What Is a Security Token?
Security tokens are similar to stock certificates that officially represent ownership. The key difference is that security tokens are recorded on the blockchain and represented by a token. For this reason, they can be referred to as equity tokens and are regarded as securities by financial regulatory bodies. This subjects a security token to the same regulations that govern traditional securities, such as stocks and bonds.
Security tokens benefit from blockchain technology, as it eliminates the friction, delays, and fees commonly associated with traditional capital markets. In comparison with the traditional market, a security token can further fractionalise an asset to make it accessible for smaller-market participants.
From the perspective of a trader, the transparency of a public ledger makes it almost impossible for market manipulation, deception, or misunderstanding regarding the ownership.
Types of Security Tokens
Equity tokens are similar to traditional stocks — they both represent shares in a company, and owning them means owning a fraction of the company. The main difference is that, while a traditional stock is often logged in a centralised database, an equity token is recorded on the blockchain.

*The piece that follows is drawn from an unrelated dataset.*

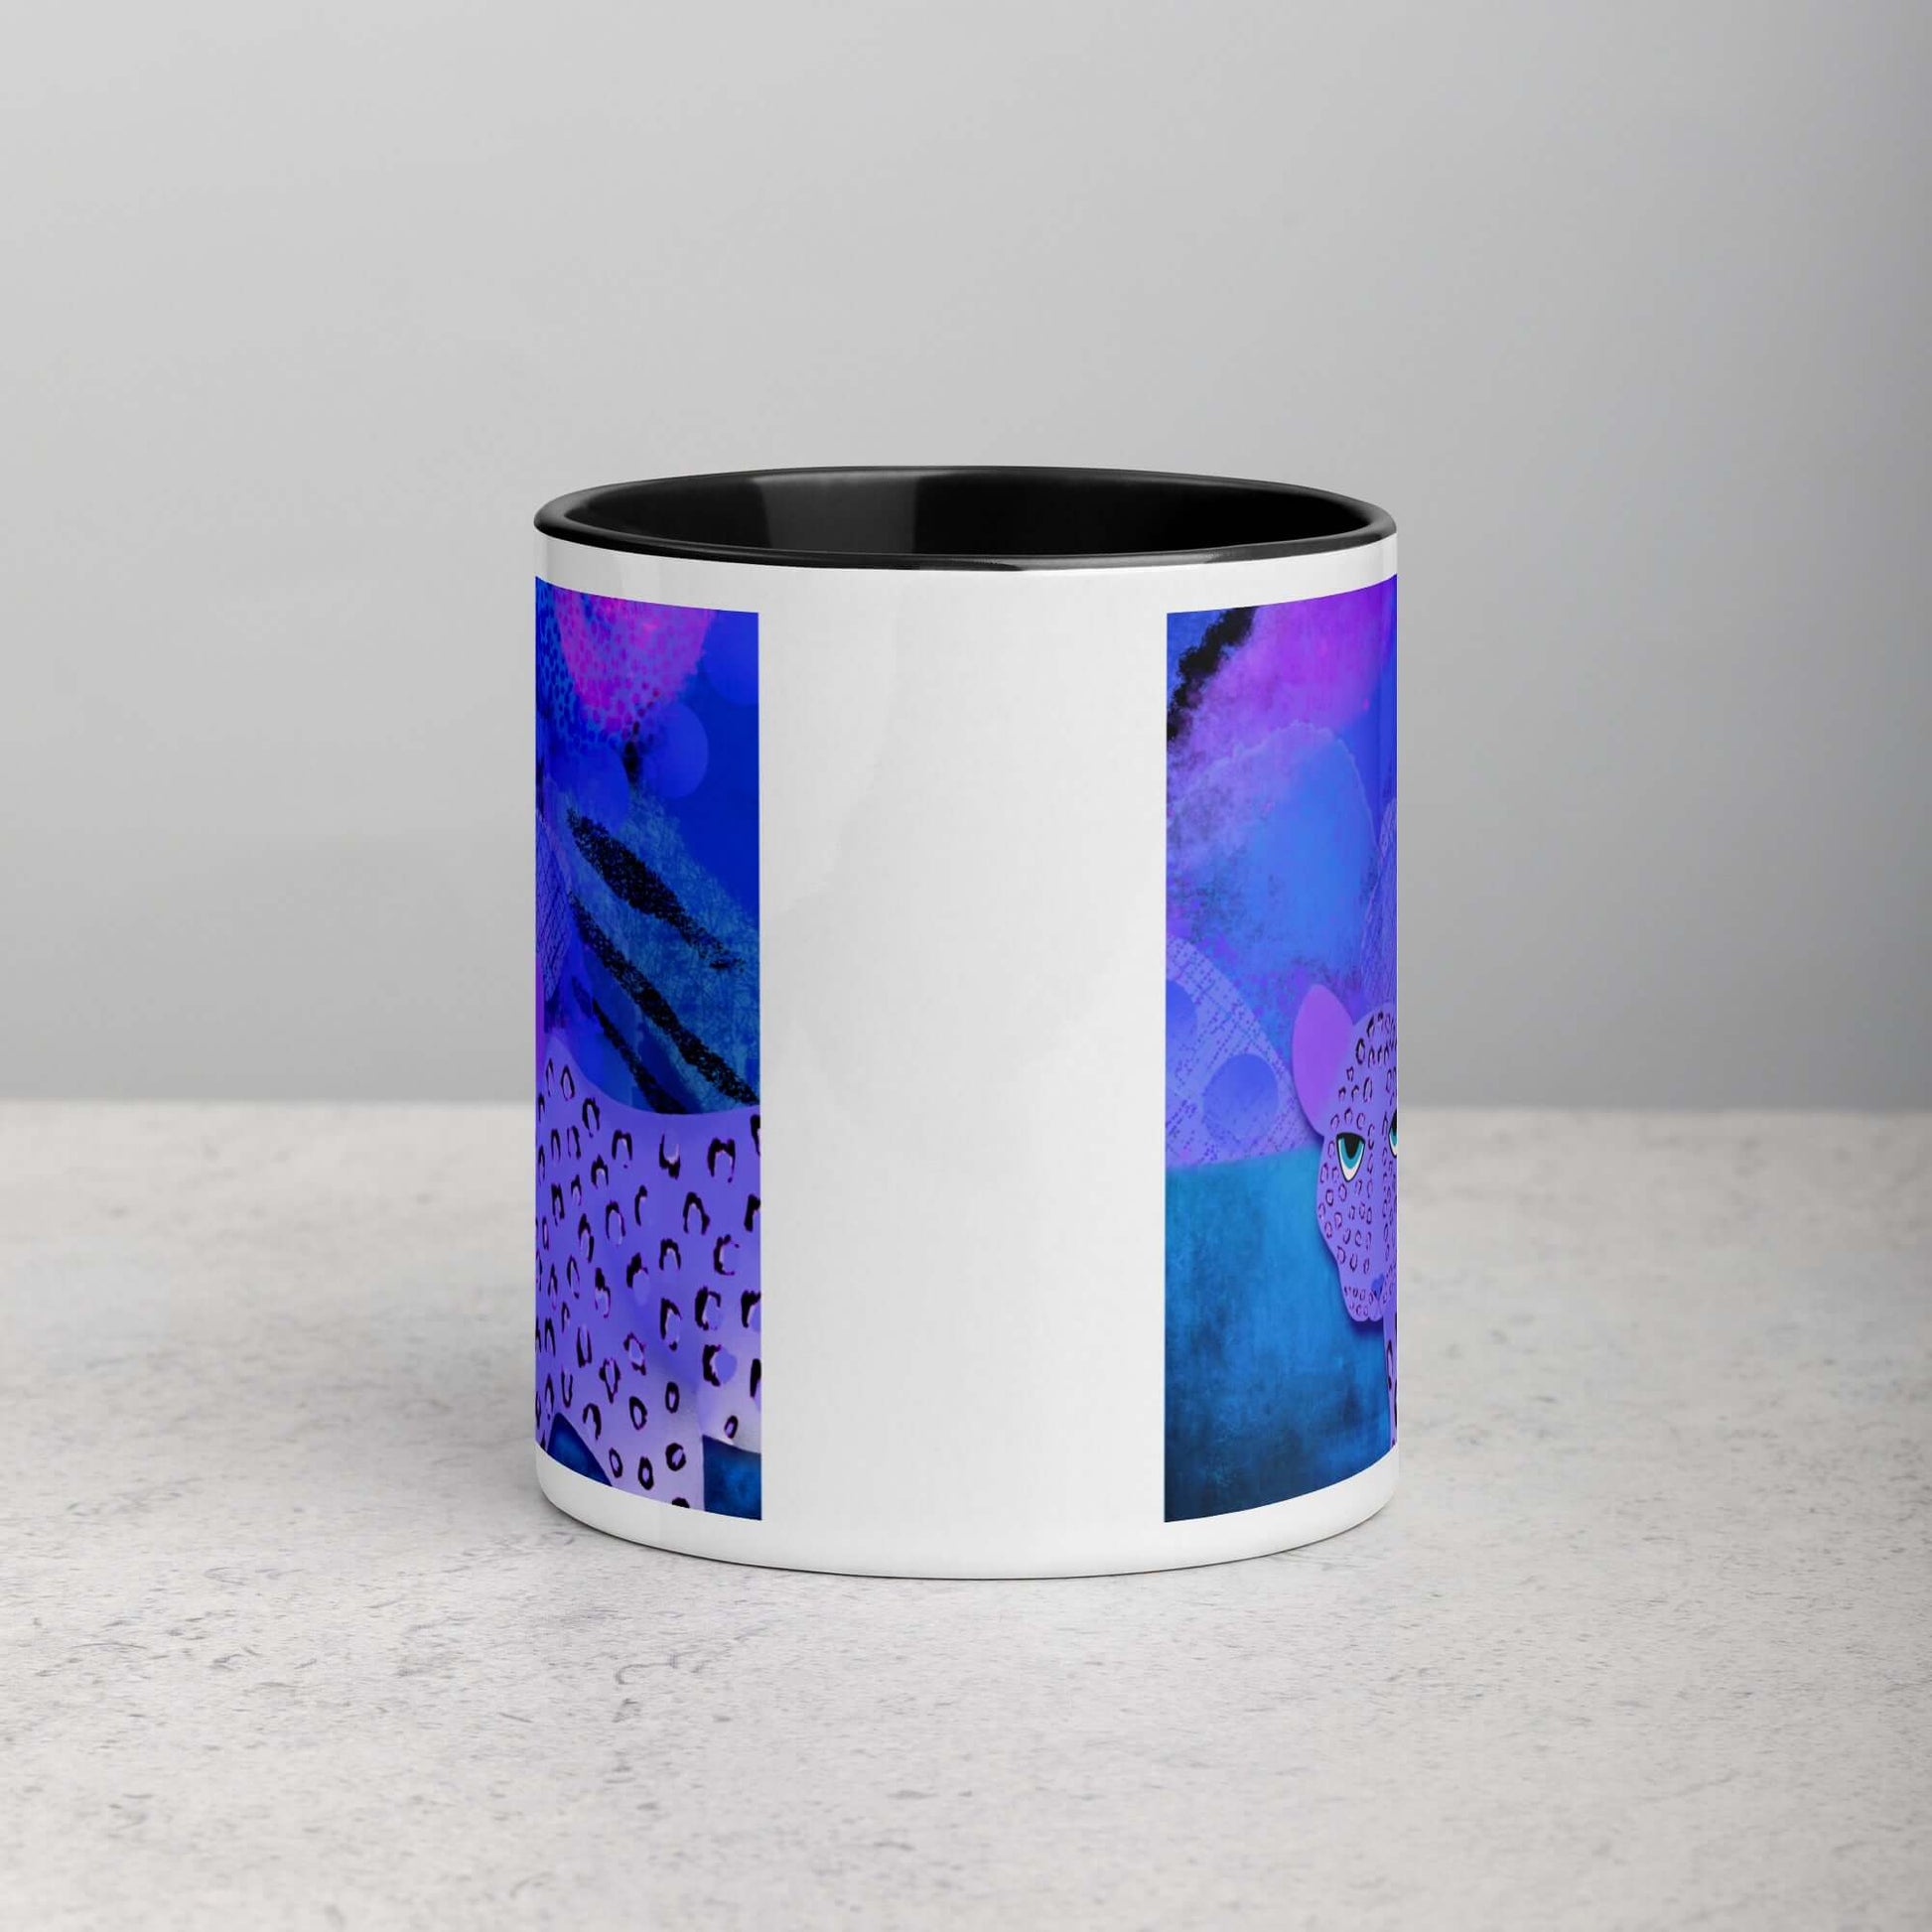 Purple Leopard on Blue and Purple Abstract Background “Blue Leopard” Mug with Black Color Inside Side View

Debt tokens are essentially short-term loans from investors to a company. Commonly, they are debt instruments, such as corporate bonds or real estate mortgages, that are converted into tokens. This type of security token produces a yield in the form of dividends based on the payments of the underlying debt instrument.
This category of security tokens represents the ownership of real-world assets (RWAs), such as real estate, art, or commodities. Asset-backed tokens leverage the benefits of blockchain technology for a more secure and transparent record of transactions, with reduced fraud and settlement times.